Als sie zurück zum Zelt kam, hatten die Jungs Frühstück vorbereitet, wobei dieses eher wenig Unterschied zum enttäuschenden zweiten Abendessen am Vortag hatte – das letzte, trockene Brot mit Sachen zum Belegen und ein paar Reiswaffeln.

„Warum hast du eine Zeitung gekauft?", fragte Pirro und gähnte noch etwas verschlafen, aber im Gegensatz zum Vortag wirkte er schon viel ausgeruhter – das taten sie alle.

„Ich habe mir überlegt, dass wir da drin vielleicht etwas über Wolfsrudel finden könnten", schlug Phillis vor, „Lycaons Werwölfe sind zwar etwas vorsichtiger, als Tiere es sind, aber vielleicht hat trotzdem ein Mu- Sterblicher etwas gesehen."

„Glaubst du?", fragte Pirro kritisch mit einem zweifelnden Blick auf die Zeitung, „Ich weiß nicht... ist das nicht zu alltäglich, um in einer Zeitung zu stehen?"

Phillis sackte enttäuscht etwas zusammen – hatte Pirro recht? Aber dann nahm Houdini ihr die Zeitung aus der Hand und begann, sie durchzublättern, während er bestimmte: „Ein Versuch ist es wert!"

Er brauchte tatsächlich nicht lange, um etwas zu finden. „Hier! In Innocence... nein... warte... In-ver-ness... Inverness!", Houdini tippte auf einen Artikel und hielt ihn Phillis und Pirro entgegen, „Wölfe in der Nähe von einer ziemlich großen Stadt – Experten unterhalten sich wohl darüber, ob das eine alte Route von Wölfen ist und sie der Spur ihrer Vorfahren verfolgen. Klingt doch gut, oder?"

Pirro schien tatsächlich überrascht. „Warum steht so etwas in einer Zeitung? Wo ist Inferno überhaupt?"

Inverness", korrigierte Houdini ihn und blickte auf die Karte, „Und es ist gar nicht so weit entfernt – vielleicht zwölf Stunden Fußmarsch, aber die letzte Sichtung ist schon eine Woche her."

„Und trotzdem steht es noch in der Zeitung? Habt ihr nichts anderes, über das ihr berichten könnt? Wenn in Amerika irgendwelche Vorfälle eine Woche her sind, liest man davon nicht mehr in der Zeitung, oder?", fragte Pirro ungläubig, „Ihr Europäer seid echt seltsam..."
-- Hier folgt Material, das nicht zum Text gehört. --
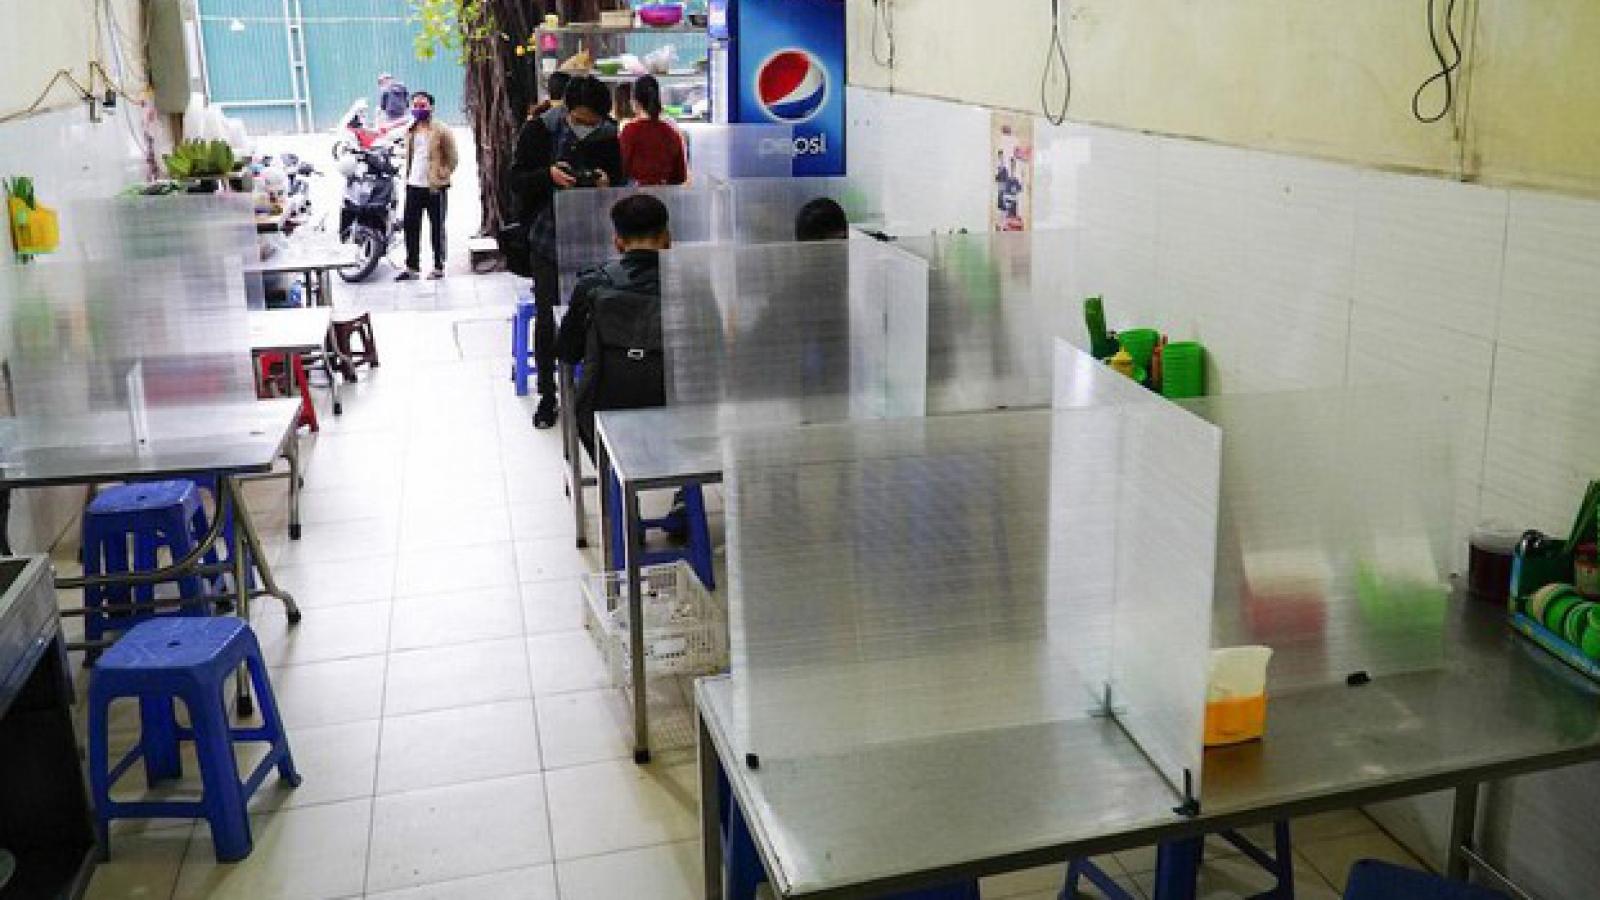 Hà Nội mở cửa trở lại dịch vụ cắt tóc, gội đầu, quán ăn trong nhà từ 0h ngày 22/6

„Tja...", Phillis sah ihn feixend an, „Du bist eben nicht mehr in Kansas, Pirro."

„Pirro kommt aus Mexiko", erinnerte Houdini sie, ohne von der Karte aufzublicken.
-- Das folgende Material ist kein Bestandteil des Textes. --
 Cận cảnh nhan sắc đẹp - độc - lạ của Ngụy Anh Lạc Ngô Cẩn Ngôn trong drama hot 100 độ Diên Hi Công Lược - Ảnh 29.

Phillis seufzte. „Ich weiß, du Dussel, das ist nur so ein Sprichwort von Mu- Menschen! Woher weißt du eigentlich, dass er aus Mexiko ist?"

Nun stockte Houdini und Pirro hustete und wurde etwas rot.

„Er... hat es mir gesagt?", antwortete Houdini ruhig.

Phillis grinste vielsagend. „Oh", machte sie, „Verstehe..."

„Bitte...", keuchte Pirro gequält, „Lass... es einfach!"

Phillis grinste noch breiter. „Okay... wenn du das willst."

„Ich habe keine Ahnung, wovon ihr beide redet", gestand Houdini und Phillis wusste nicht, ob er nur so tat oder es wirklich nicht verstand, aber Phillis fand es so oder so lustig und begann laut zu lachen.

Pirro vergrub vor Scham sein Gesicht in seinen Händen und Houdini beschloss wohl, dass die anderen beiden seine Zeit nicht mehr wert waren und er sich lieber in der Welt von Zeitungsartikel und Karten flüchtete, während er die beste Route suchte.